## Data provided
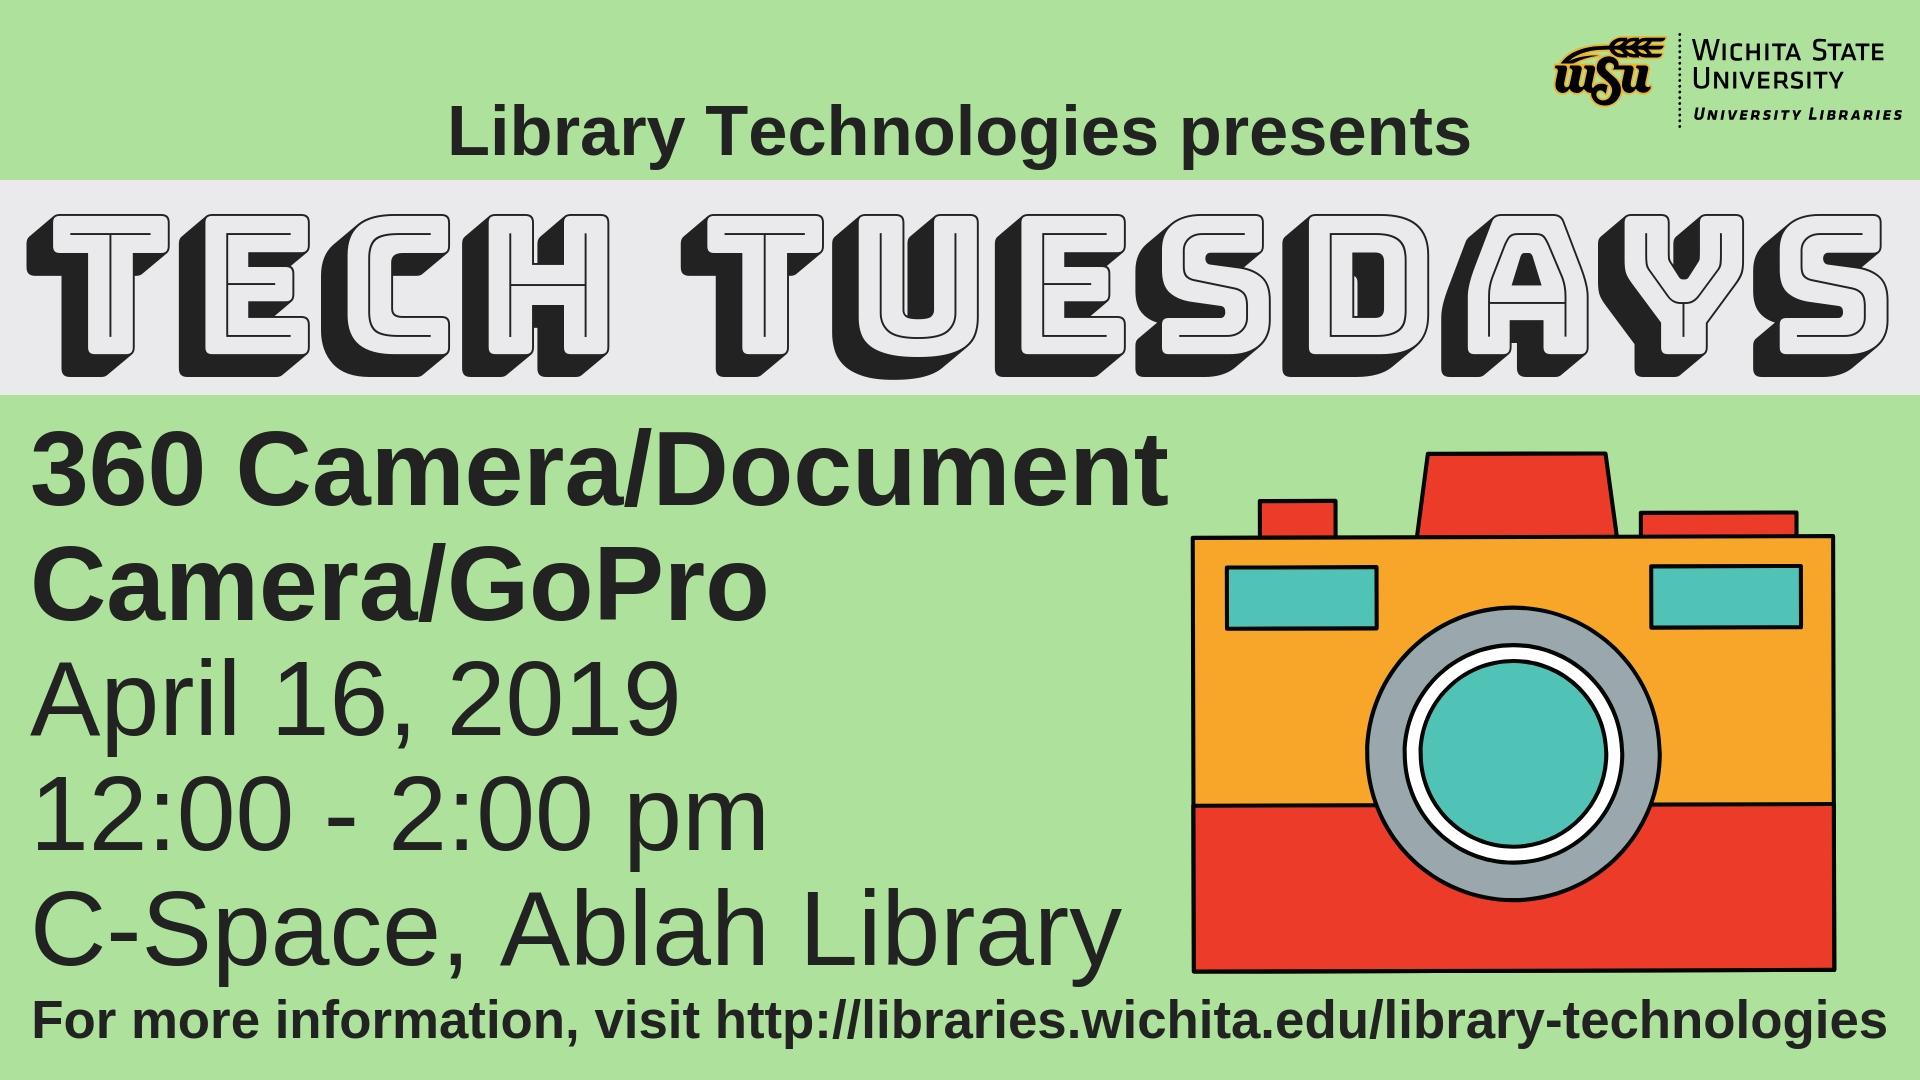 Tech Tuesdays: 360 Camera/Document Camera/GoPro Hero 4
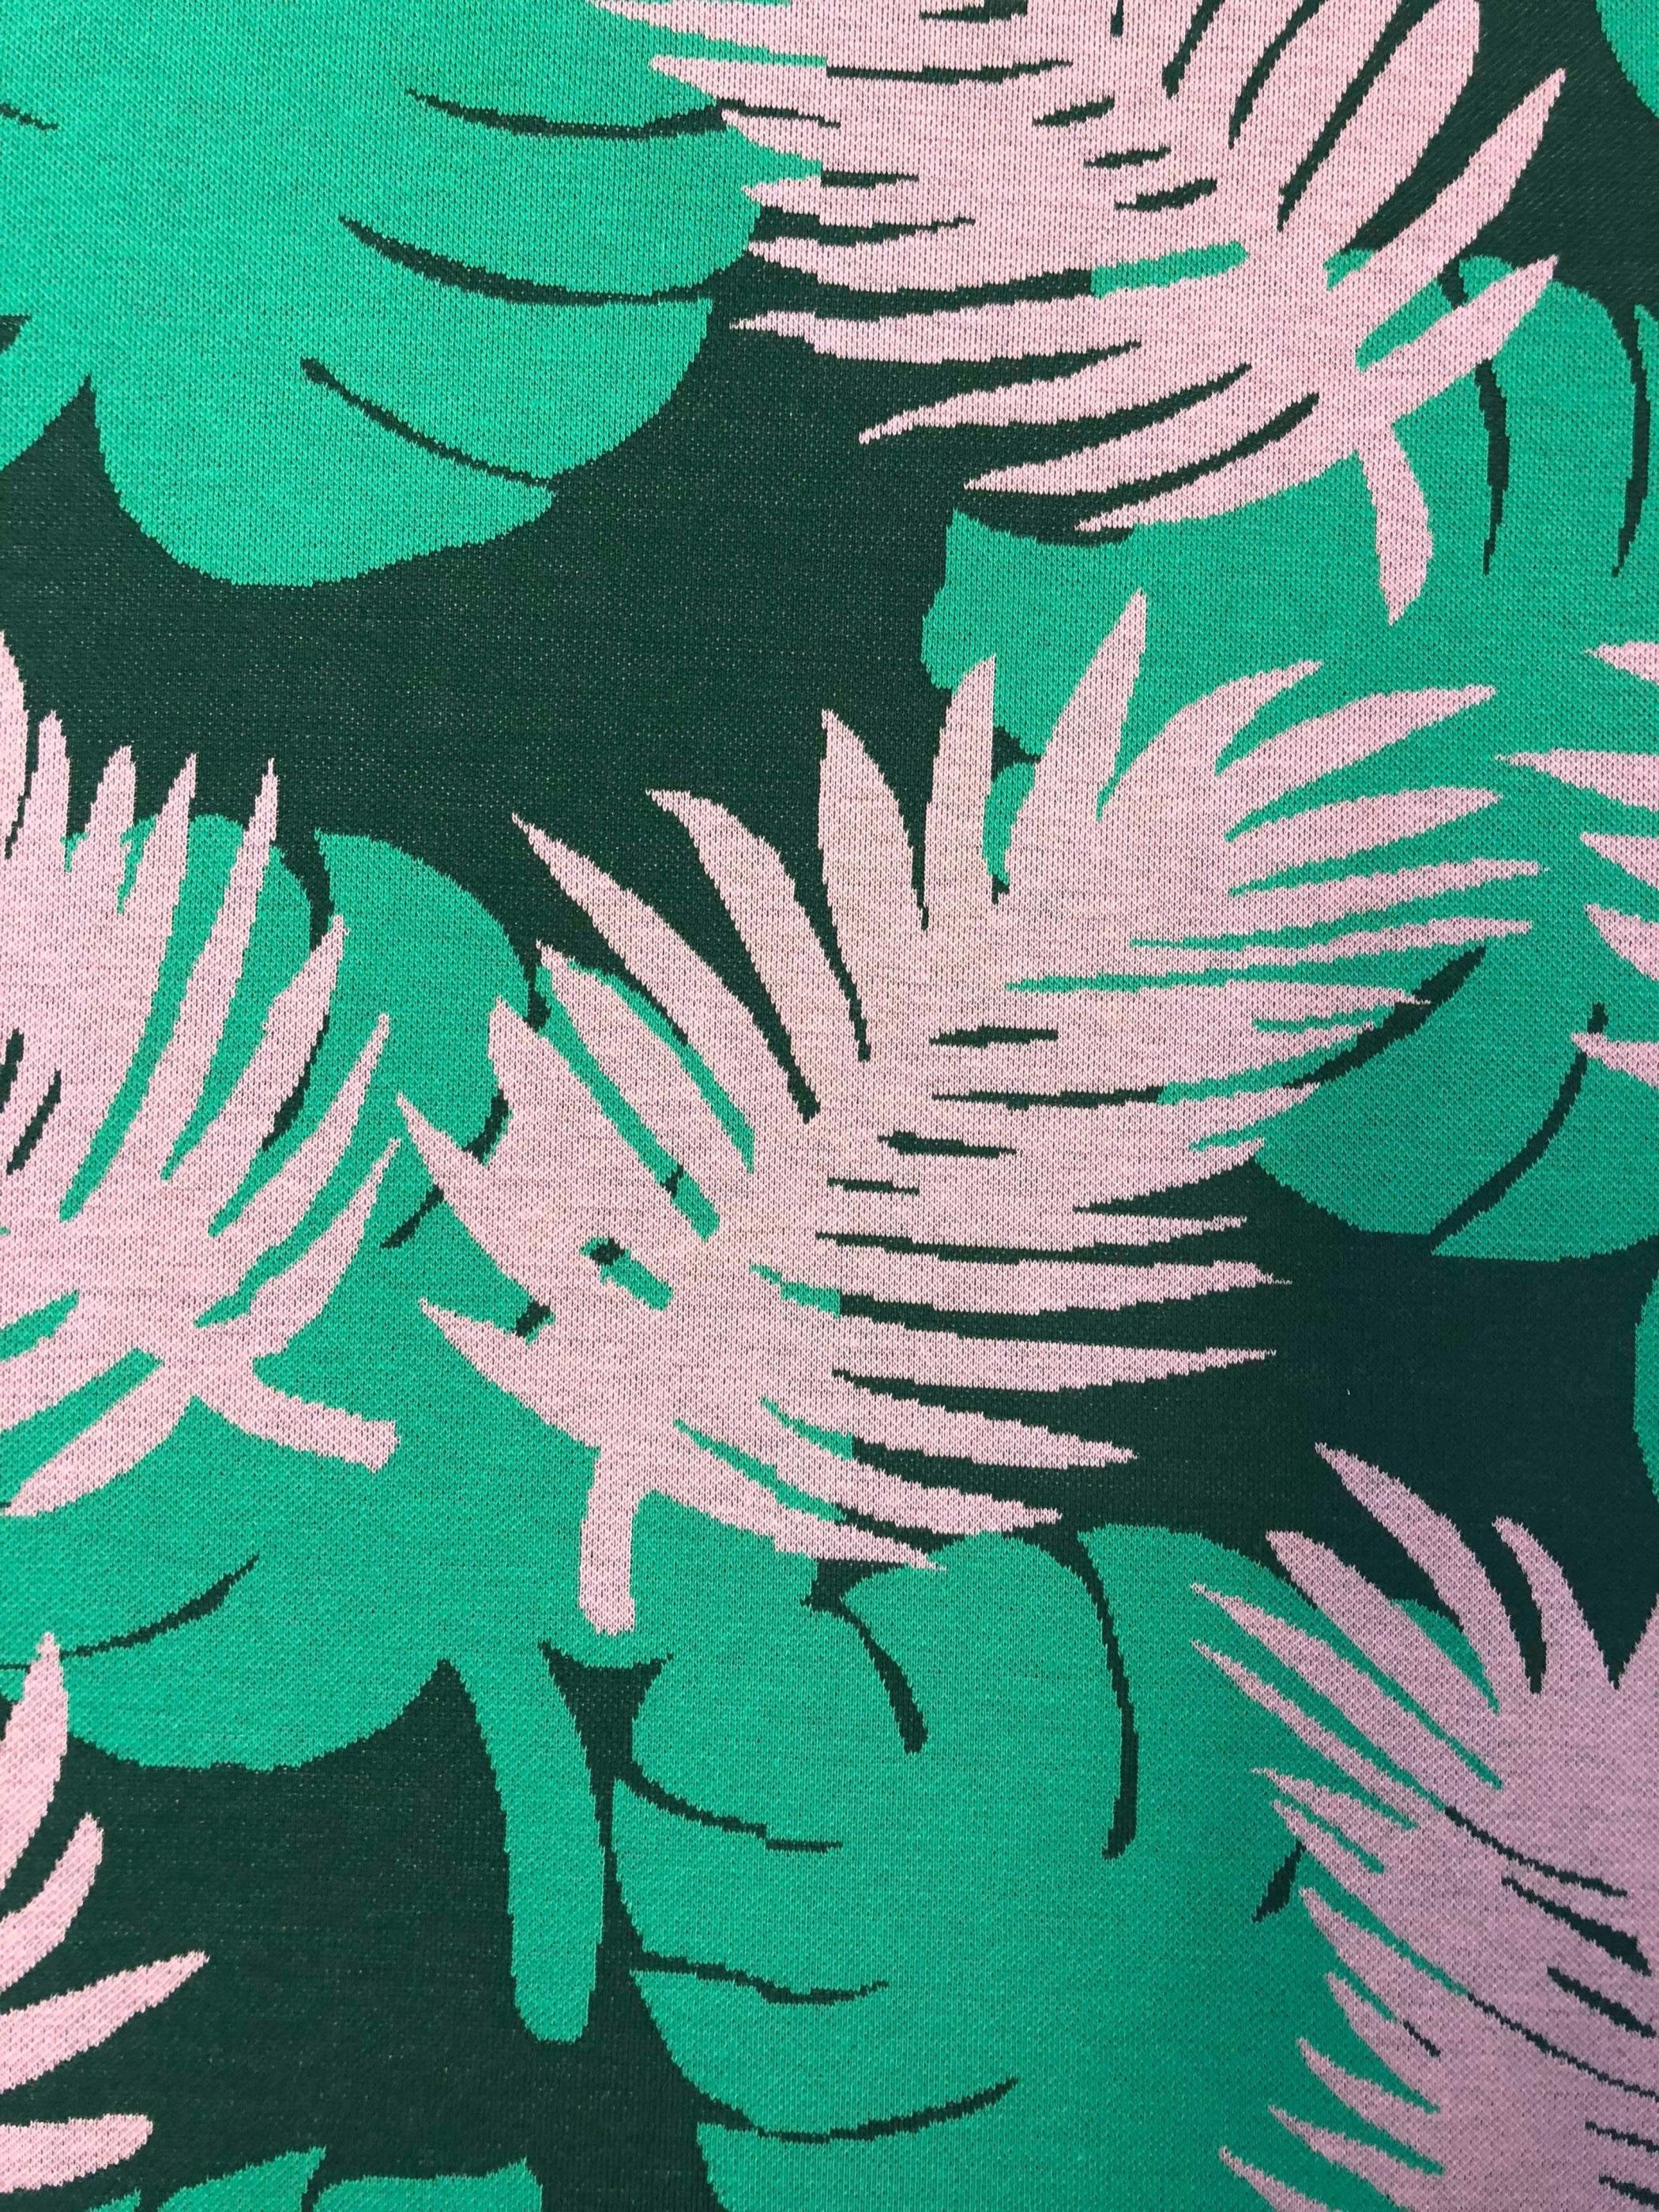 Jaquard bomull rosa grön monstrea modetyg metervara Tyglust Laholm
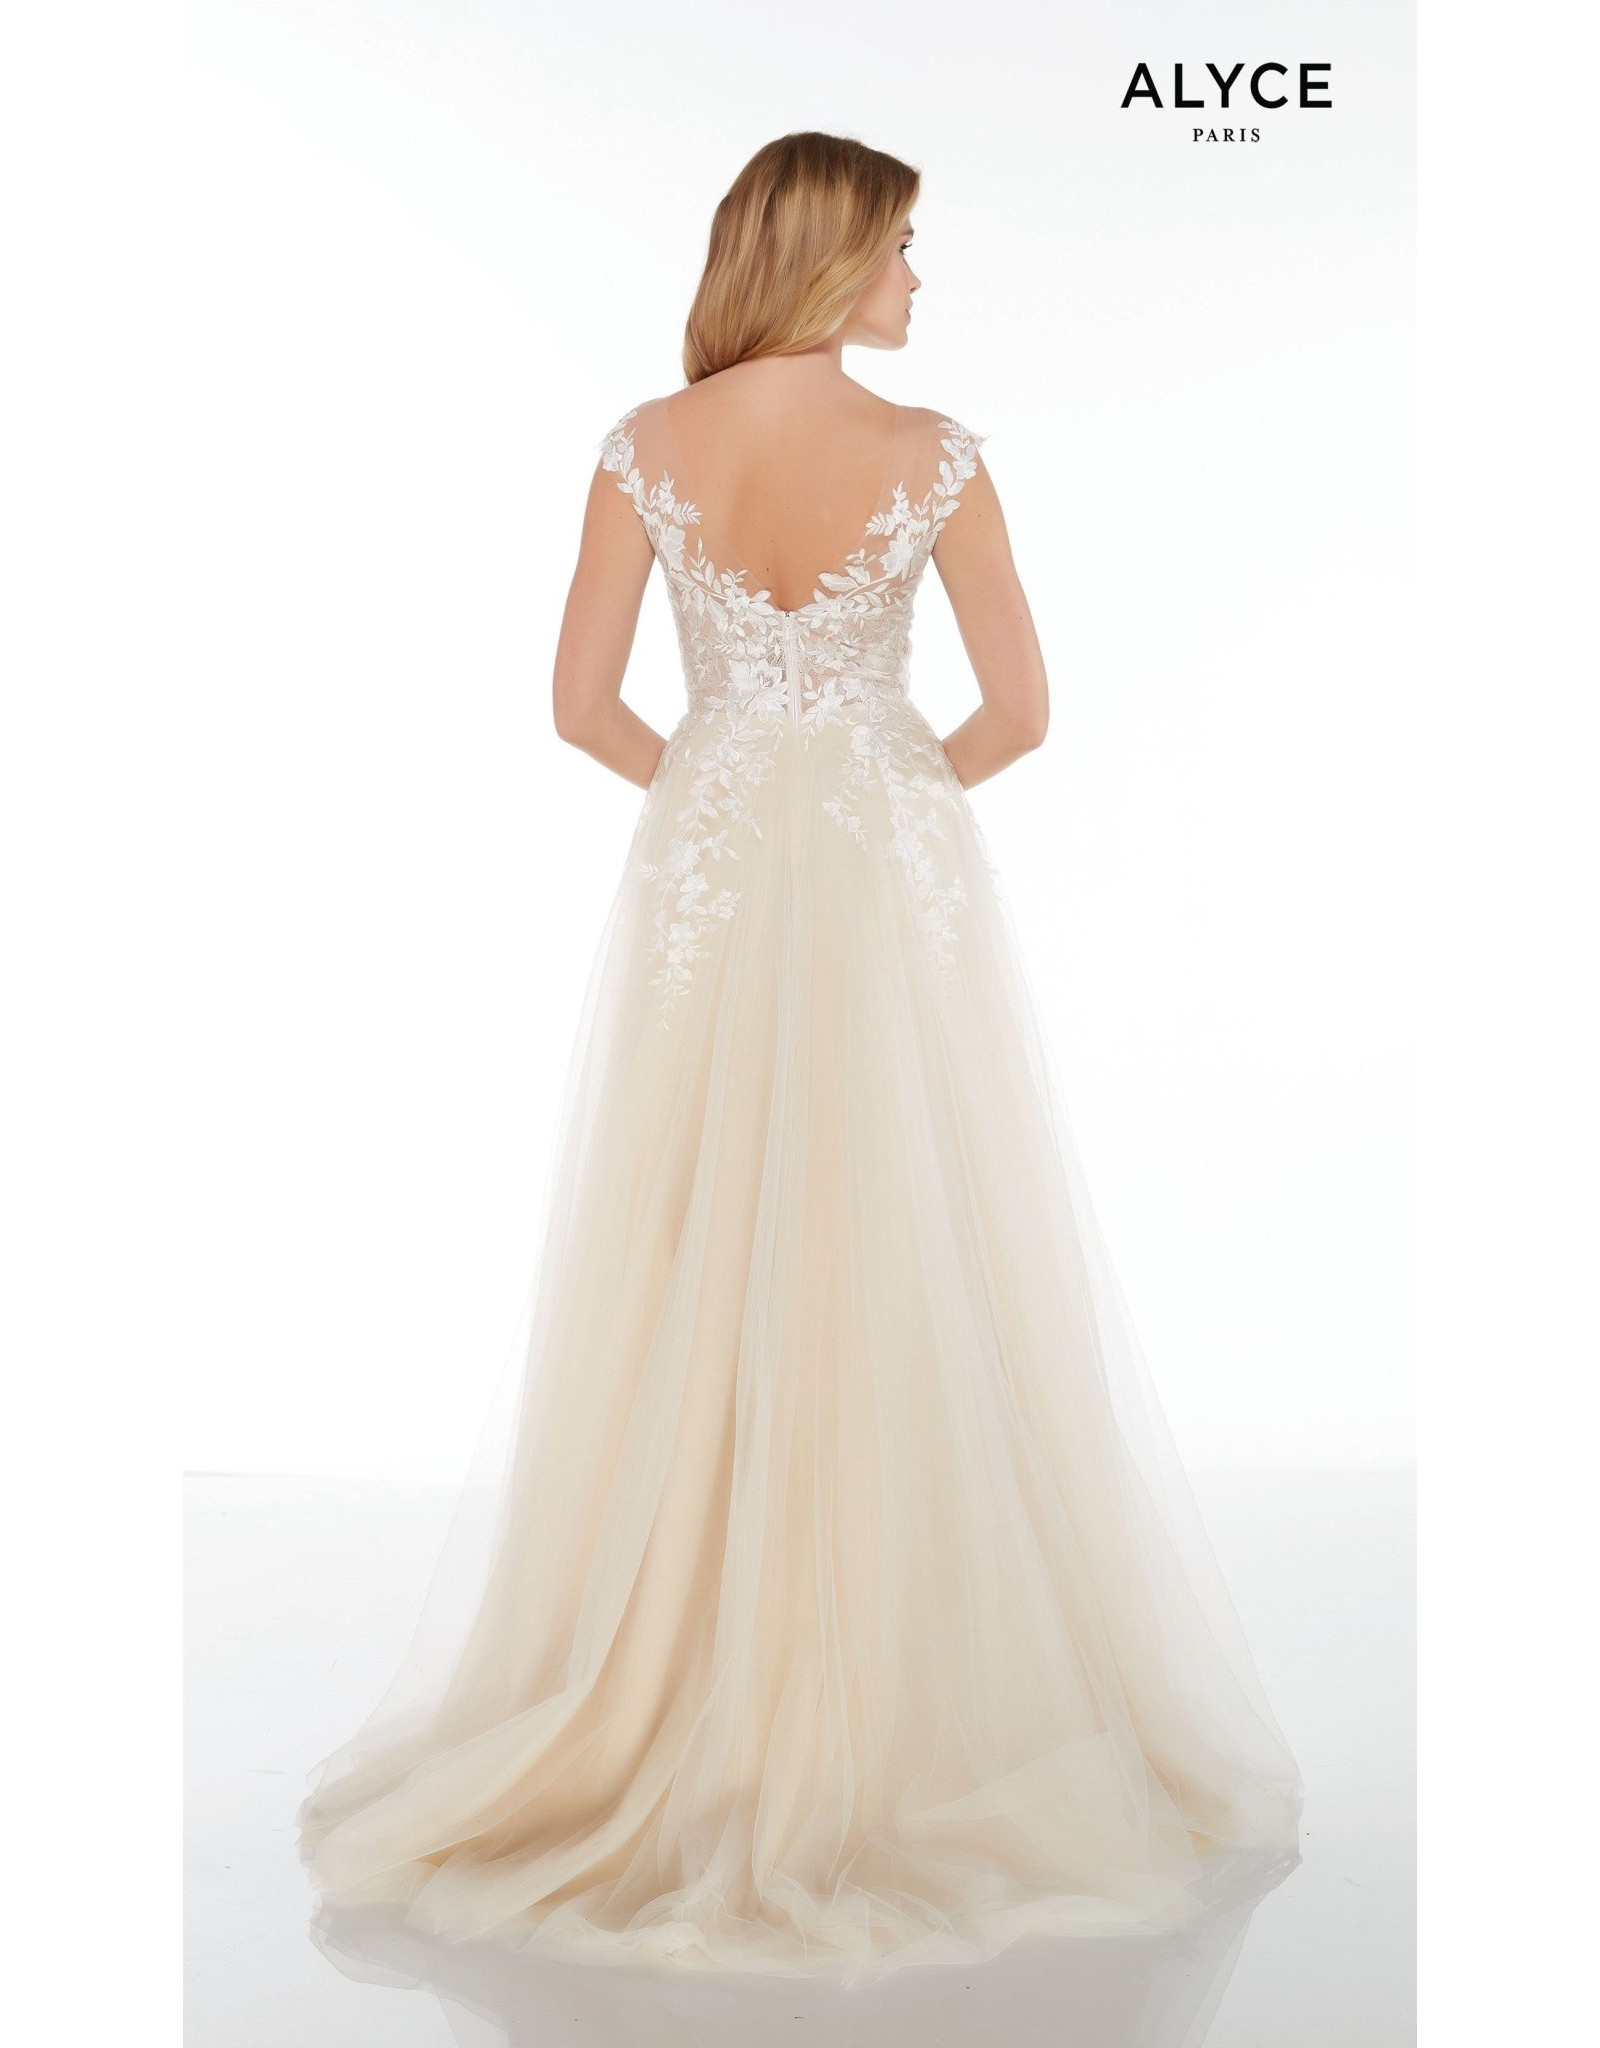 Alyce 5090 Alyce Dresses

## Task item
Write out the listing above again, exactly, but with no pictures in the copy.

## Response
 Tech Tuesdays: 360 Camera/Document Camera/GoPro Hero 4
 Jaquard bomull rosa grön monstrea modetyg metervara Tyglust Laholm
 Alyce 5090 Alyce Dresses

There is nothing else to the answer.